**The task:** Pictures aside, print all of the data below exactly as written.

**Input data:**
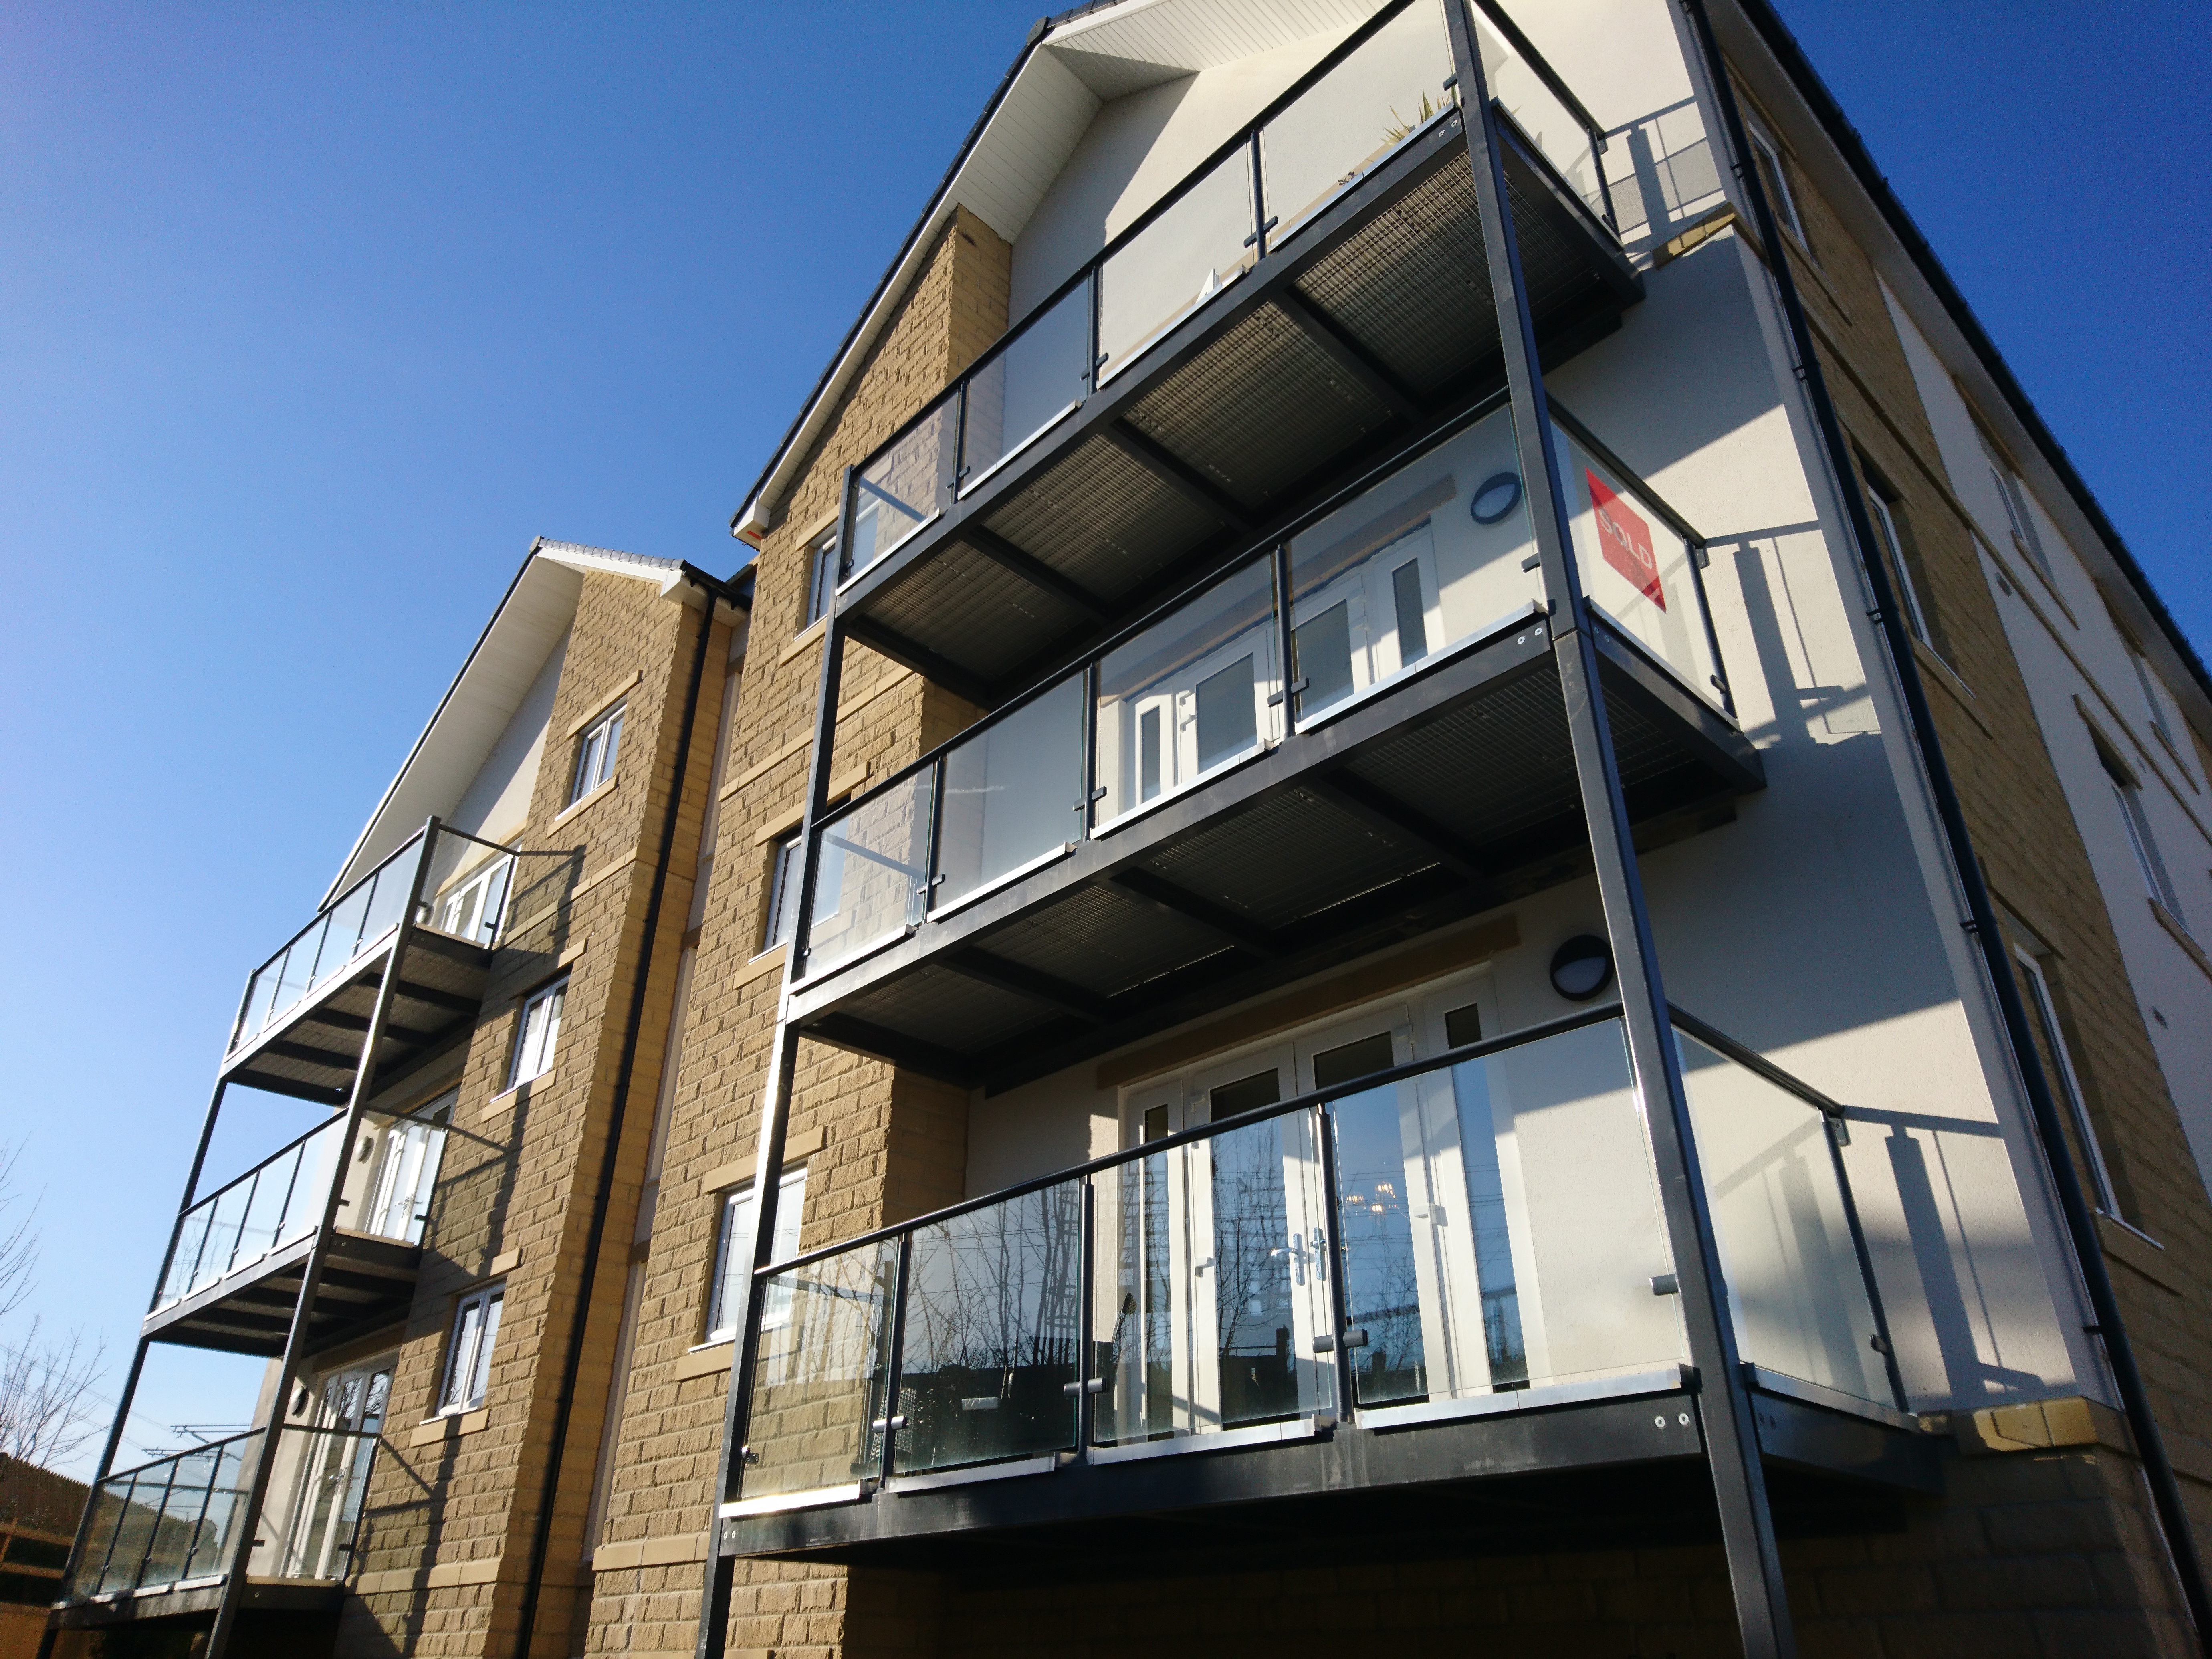 Neaco balconies are ready-made for modern standards
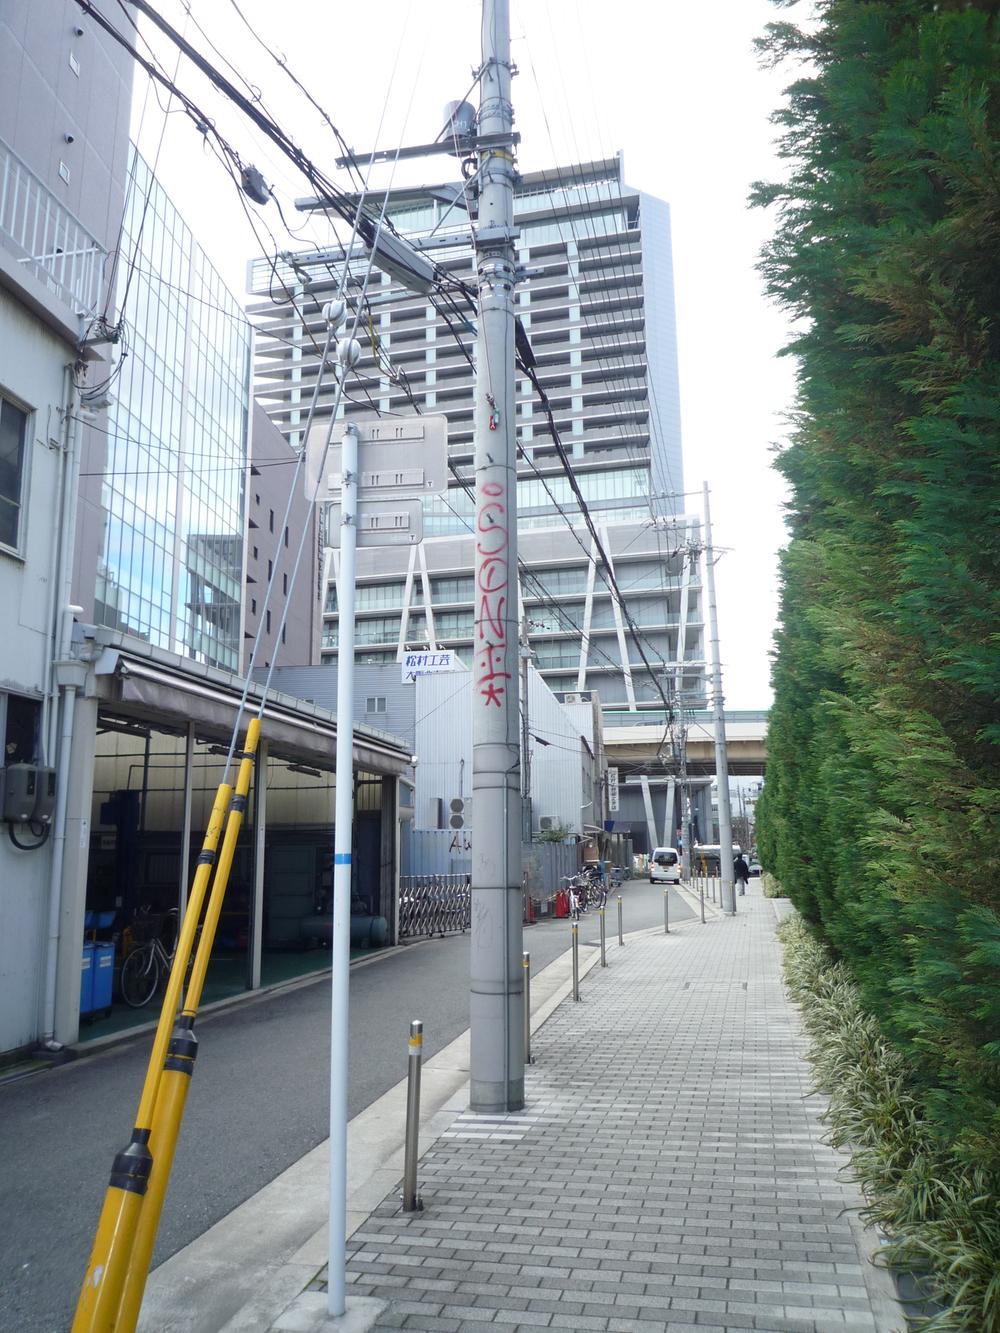 Local appearance photo. The ・ Site of Umeda Tower ・ It is a road part of the south.
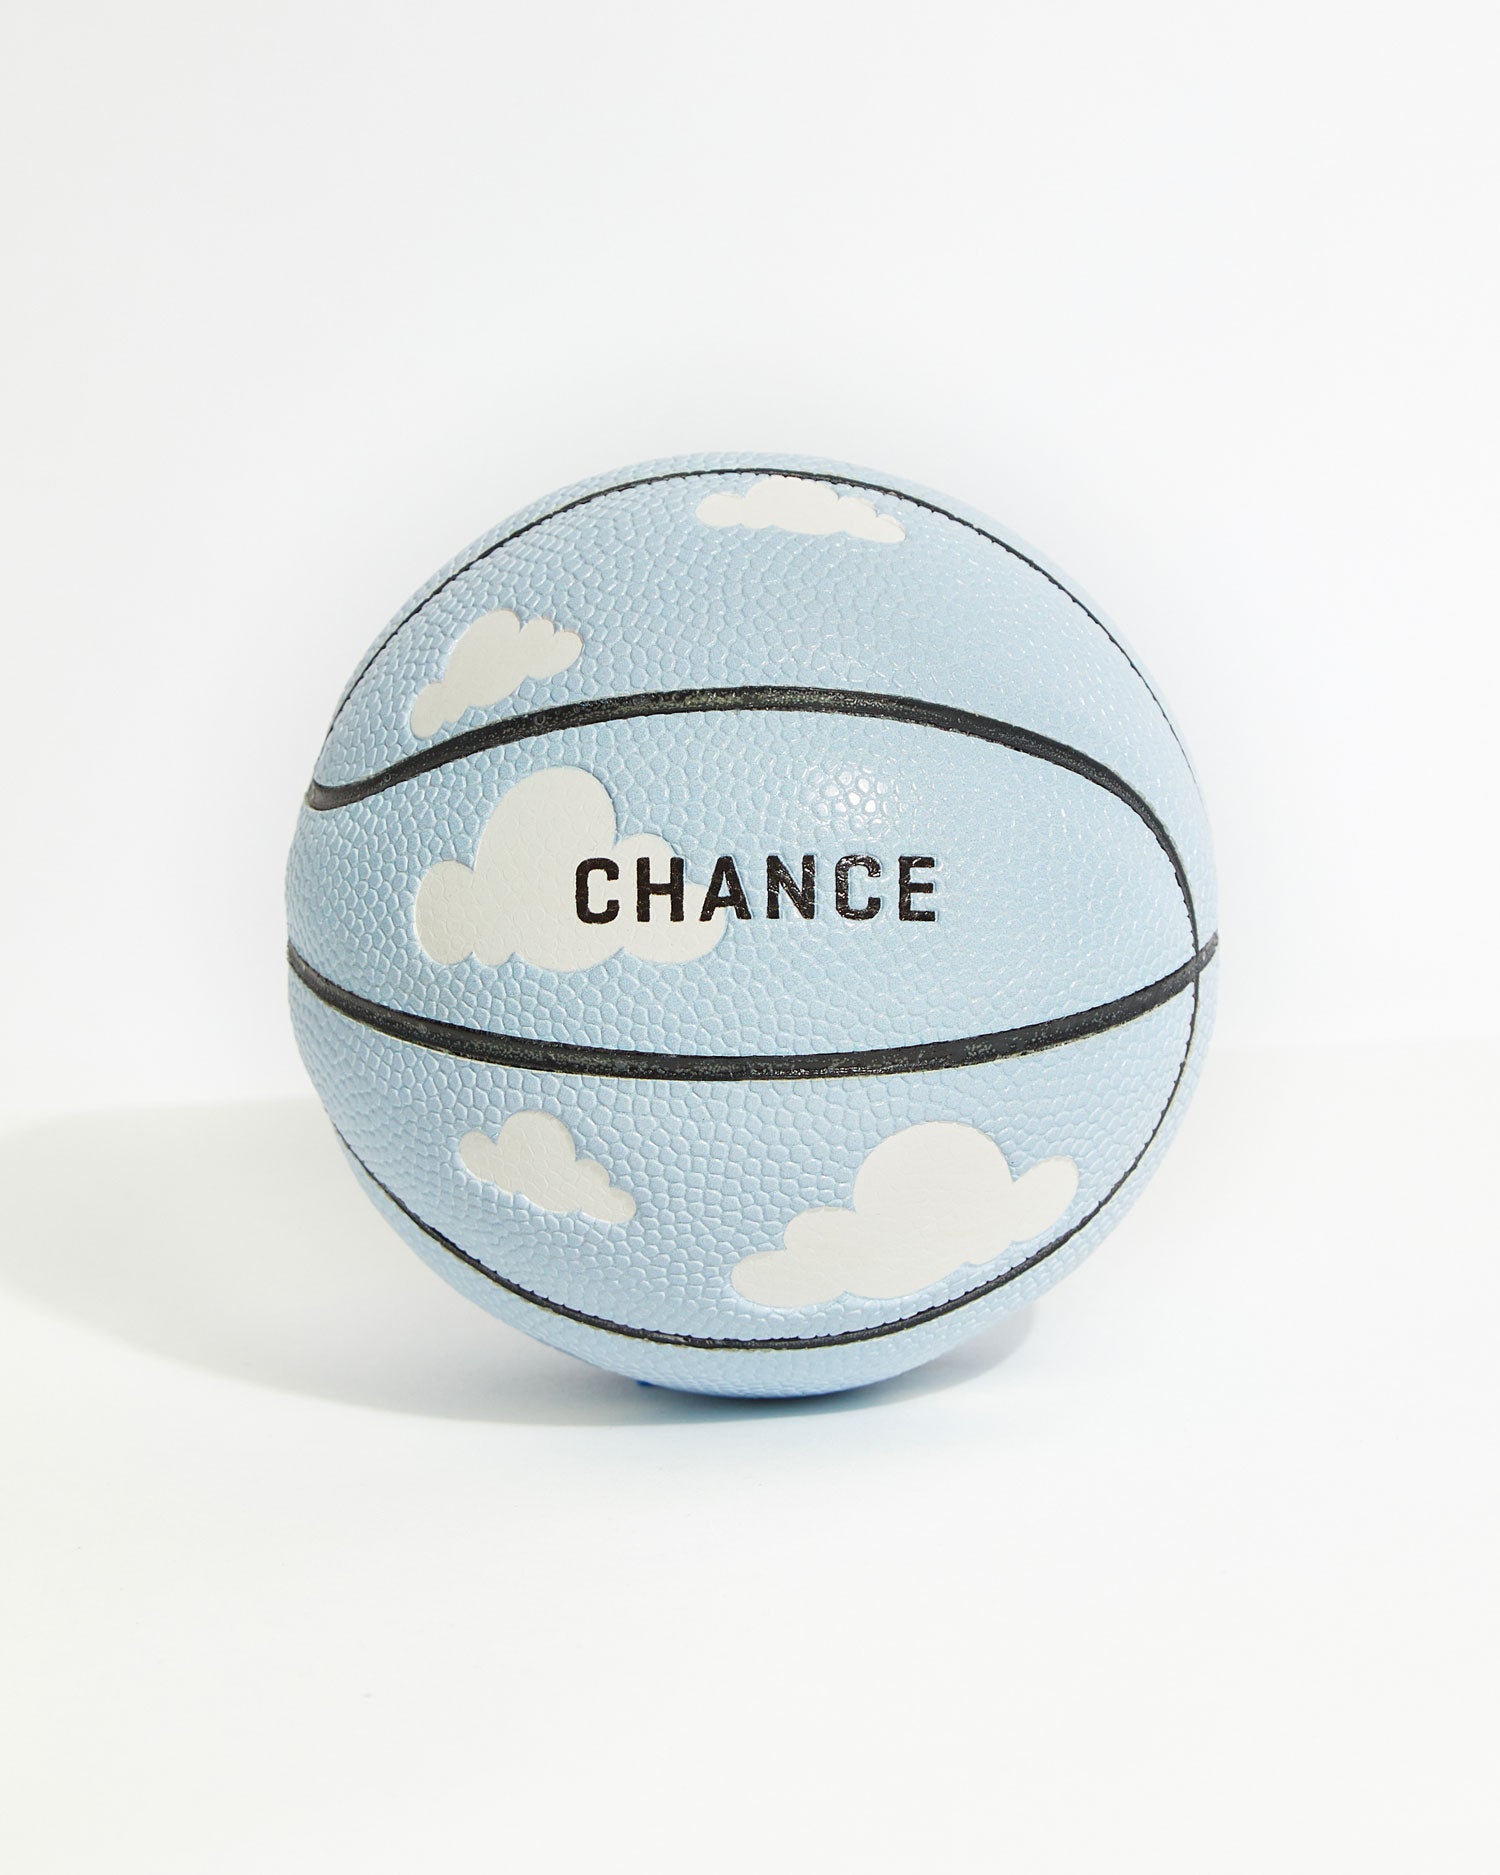 FLOAT Mini Composite Leather Basketball – Chance

**Answer box:**
 Neaco balconies are ready-made for modern standards
 Local appearance photo. The ・ Site of Umeda Tower ・ It is a road part of the south.
 FLOAT Mini Composite Leather Basketball – Chance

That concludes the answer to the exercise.